# Puppies eating EVERYTHING!



## Little Lady (Dec 19, 2008)

Trixie so far has been an awesome little addition to our family. Its just that she eats EVERYTHING off the floor she finds. I'm sure any puppy does this, not just poodles. Is there any way to get her to stop?

I take her outside on a leash, I catch her eating leaves, dirt or grass. She just finds little things on the floor. I don't even know how because our house is clean! She is always chomping on something. I caught her with a quarter in her mouth and I almost had a heart attack.

will she grow out of this? or will I have to be stern with her? I really hope this is just a phase. Ugh!


----------



## MsFancyPants (Dec 9, 2008)

Luckily for you poodles seem to use their brains at an early age. At one point i was going to strangle my poo because forget about eating things off the floor he was EATING THE FLOOR!!! He grew out of that fairly quickly about the same time housebreaking happened too! its almost like the light turned on upstairs! =) hopefully little Trixie will grow out of this. A stern NO! never hurt either =O


----------



## Little Lady (Dec 19, 2008)

Oh god, I caught Trix trying to eat the grout from between the kitchen tiles too. 

I hope her little light upstairs turns on soon! haha


----------



## MsFancyPants (Dec 9, 2008)

How old is she? My boy took a few months to finally get it but now he is SO well mannered in the house, doesnt take food off the table, not even from my other dogs dish that is left down all day!


----------



## FUZBUTZ (Aug 23, 2008)

I think it is just a phase that she will grow out of. I know that it is scary though. I have a rotti, that as a pup ate everything small that she could find, she especially liked nuts, screws, nails and etc. which she would find in the garage. She would jump up on hubbies tool box just to get to things like that. I really believed this was going to kill her, would always find these sort of things in her poop. She was an indoor outdoor dog, but loved going into garage to find goodies. She also loved chewing cords off of things, such as elec. hand tools, lawn mowers and etc. while seeking out things in the garage, but was always an angel in the house, never did any of these things. She did finally outgrow it, but it seemed to take about 2 yrs. to do so. We did start putting hot sauce on the cords and that did seem to help some. This is a rescue dog that we got from the shelter, maybe thats why she was there. She was about 1 yr. old when we got her, and that was about 10 yrs. ago, she is a wonderful girl.


----------



## IPP (Nov 29, 2008)

I keep extra hot sauce packets in my fridge for when we baby-sit or have a dog that likes to chew. I use it to "paint" stuff I don't want chewed up...but I use it as a precaution only! If I catch them chewing I give a firm NO! 

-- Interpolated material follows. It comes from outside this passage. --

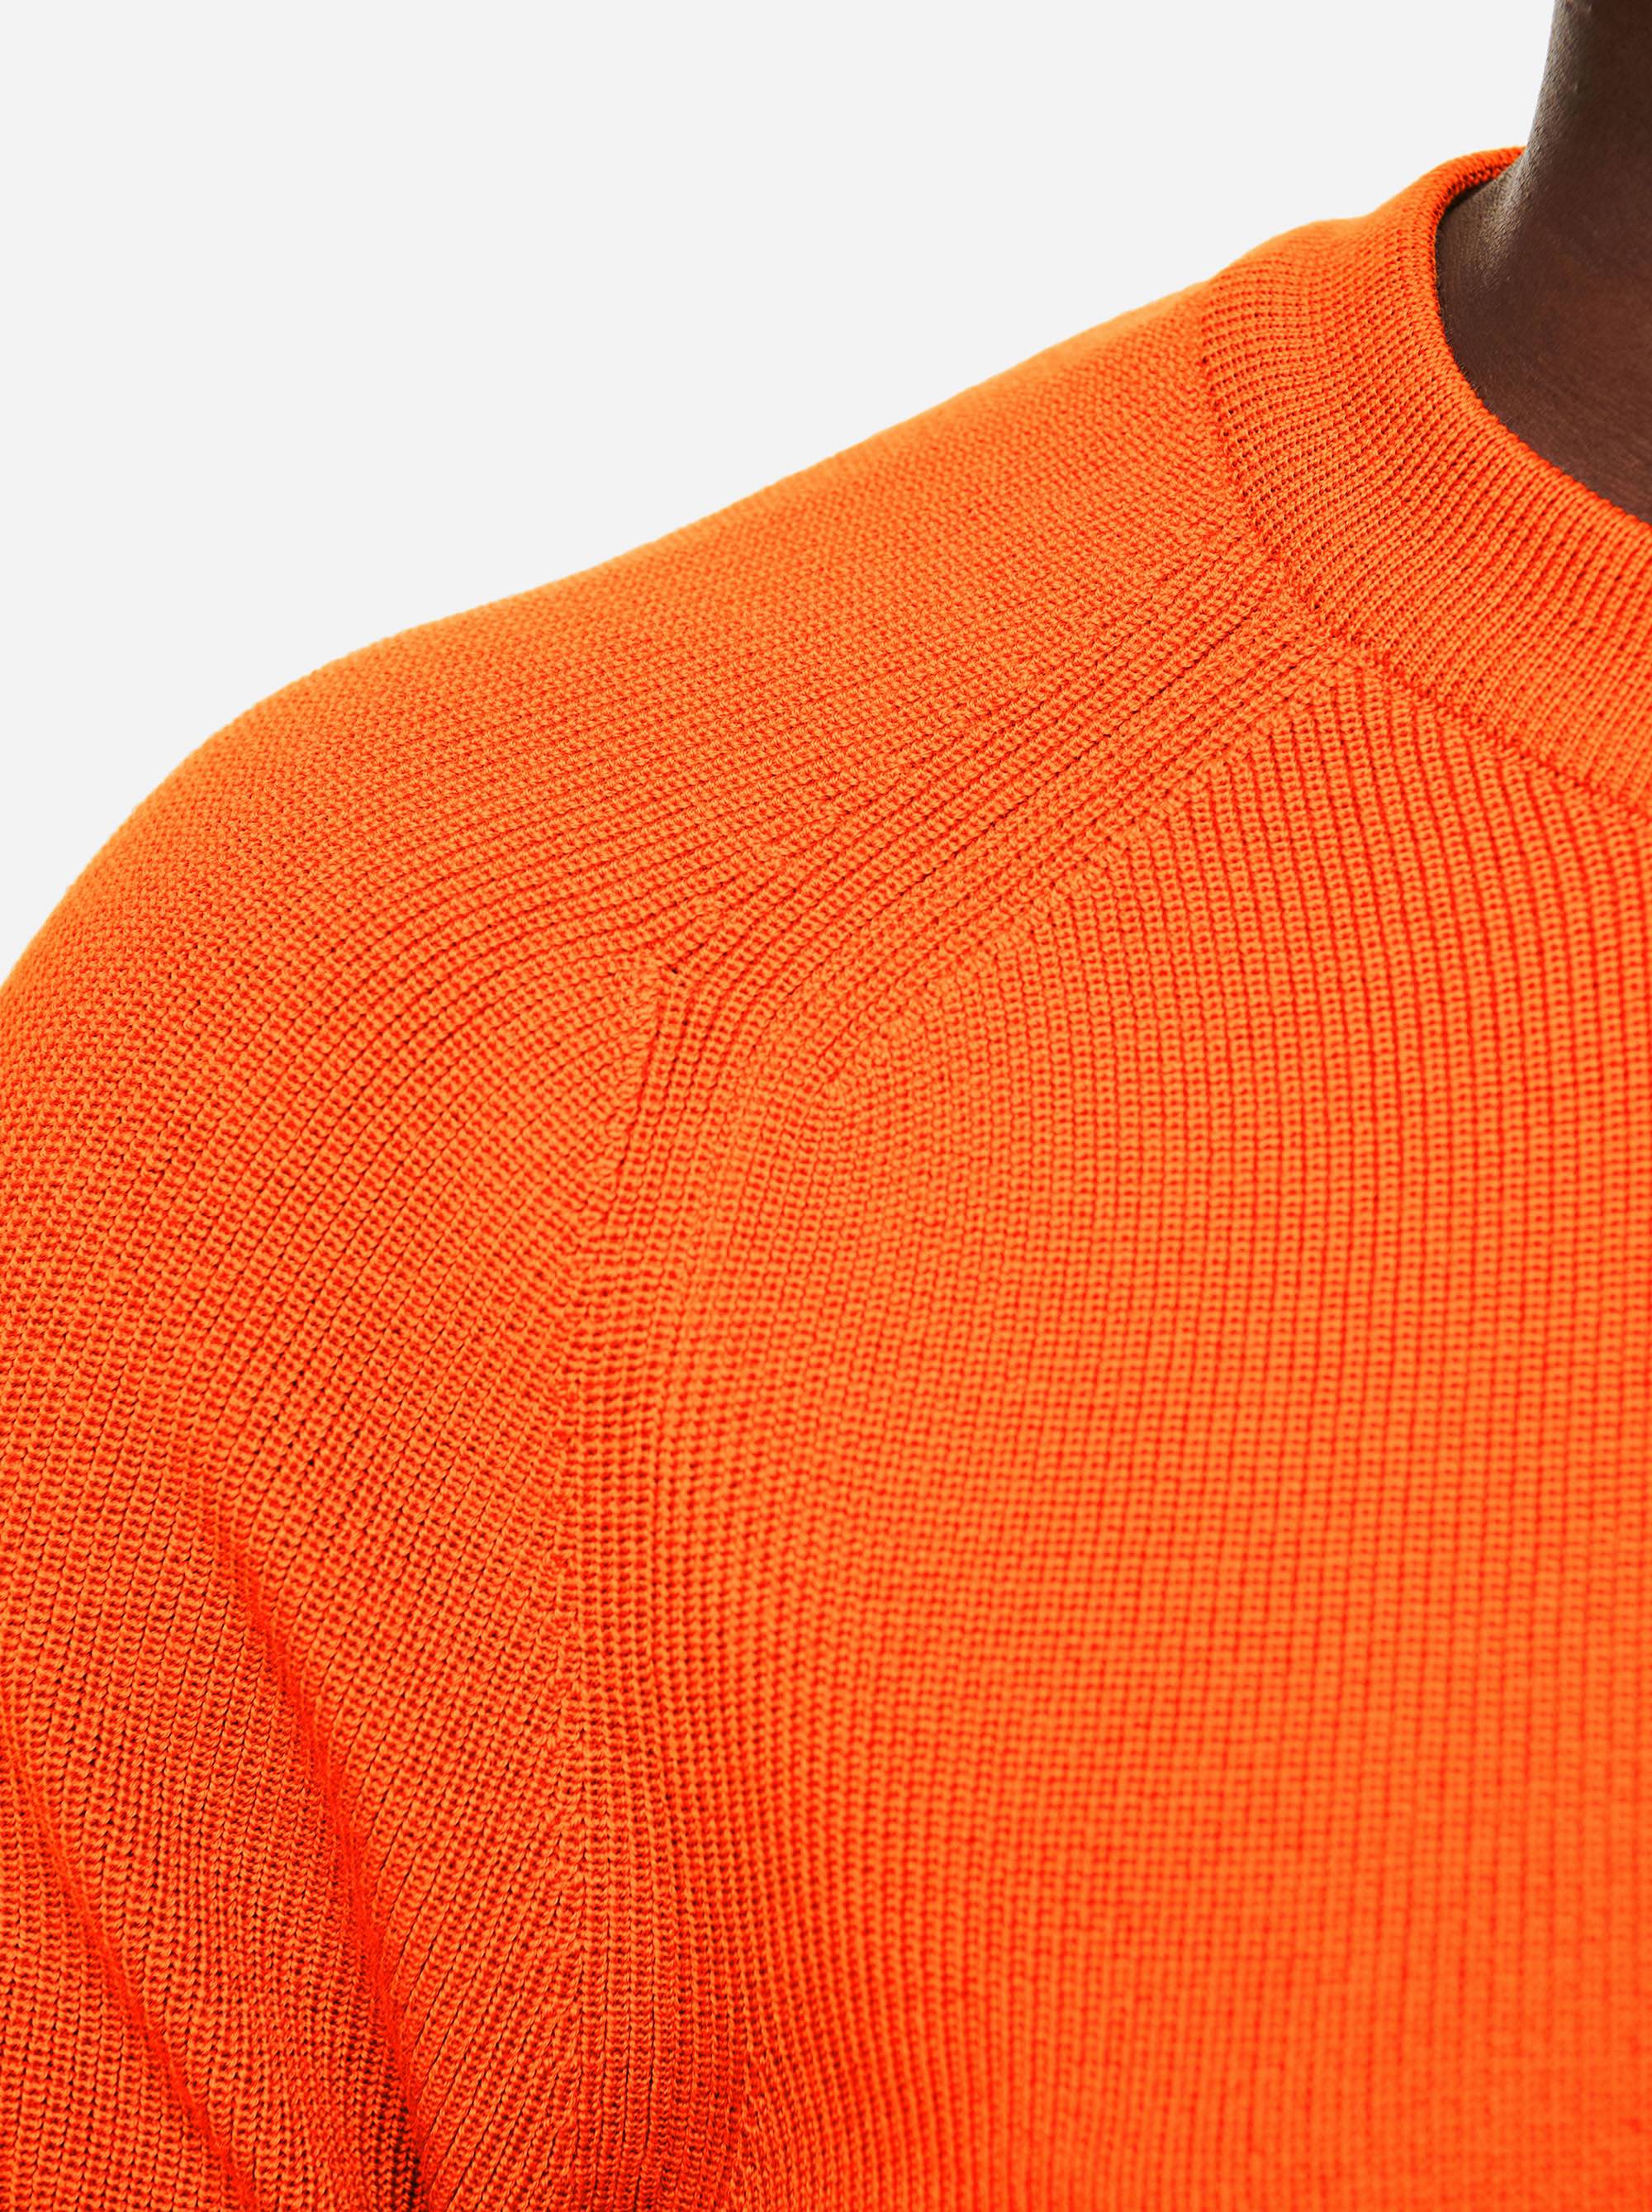 Teym - Crewneck - The Merino Sweater - Men - Orange - 2

EVERYTIME I catch them chewing after the NO I pick them up and take them right to the pantry and give them a chewy. I set them both on the floor and say GOOD GIRL/BOY...CHEW on your TOY. You will be amazed at how fast they learn small words!

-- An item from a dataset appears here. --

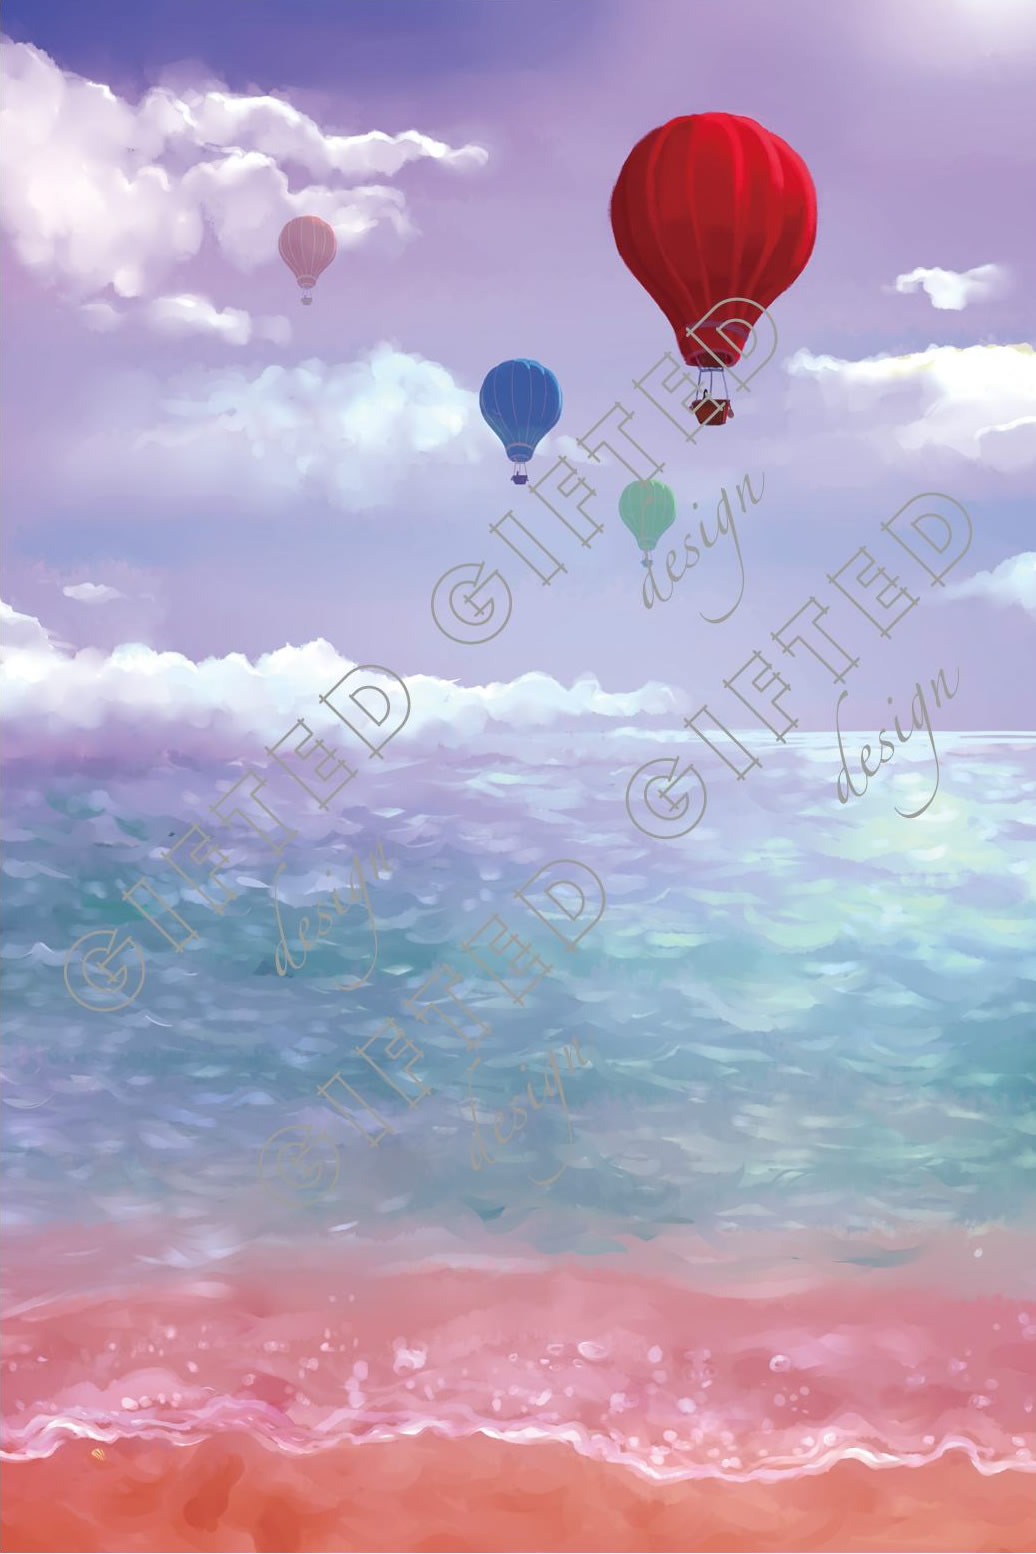 Hot air balloons over the beach

This chewy stage is about the worst when they teeth I think...so if you are finding little teeth on the floor (unless she is eating those, too) then she may be at it for awhile.

The more toys she has she can chew on, the less likely she will find BAD things to try out. 

During the chewing stage I would buy a bunch of different texture toys and see what she likes...stuffed toys, bones, hard rubber toys, nylon rope toys with and without a toy in the middle, different types of balls, ect. 

She is like a baby learning through her mouth...its just poodles are very smart little babies who need a lot of stuff to keep them occupied.

Hang in there, it doesn't last forever!:high5:


----------



## Little Lady (Dec 19, 2008)

Trixie is about 16 weeks now, so we're working on house training her still. I bought her a ton of new toys so I try to keep her chewing on those. I'll keep working with her then.

I'm so glad to know she'll grow out of this. Its really getting me worried she'll eat something and get sick.


----------



## Sam I Am (Jul 6, 2008)

Our first vet visit with Sam the dr. told us to be aware that poodles, particularly standards, are notorious for eating stuff they shouldn't. He said he has removed some strange things from standard poodles over his career, coins that didn't pass on their own, almost whole toys, pantyhose. All from standard poodles! Sam stopped with the wierd stuff, but he still eats paper products. He's 6 years old. Jenny is 4 months and she is at that "find every little thing phase", but that is all chewing, she has never actually eaten anything that I know of yet. Her favorite is rocks, I hate to hear her chomping on those!


----------



## T o d d (Sep 25, 2007)

Moose investigates everything on the floor in the house because often it's a snack.... he likes bugs too, paper towels, toilet paper, dryer sheets, and socks. He has pooped out entire items listed above!!! 

Luckily he doesn't eat grass or dirt unless his tummy is upset or thirsty... go figure.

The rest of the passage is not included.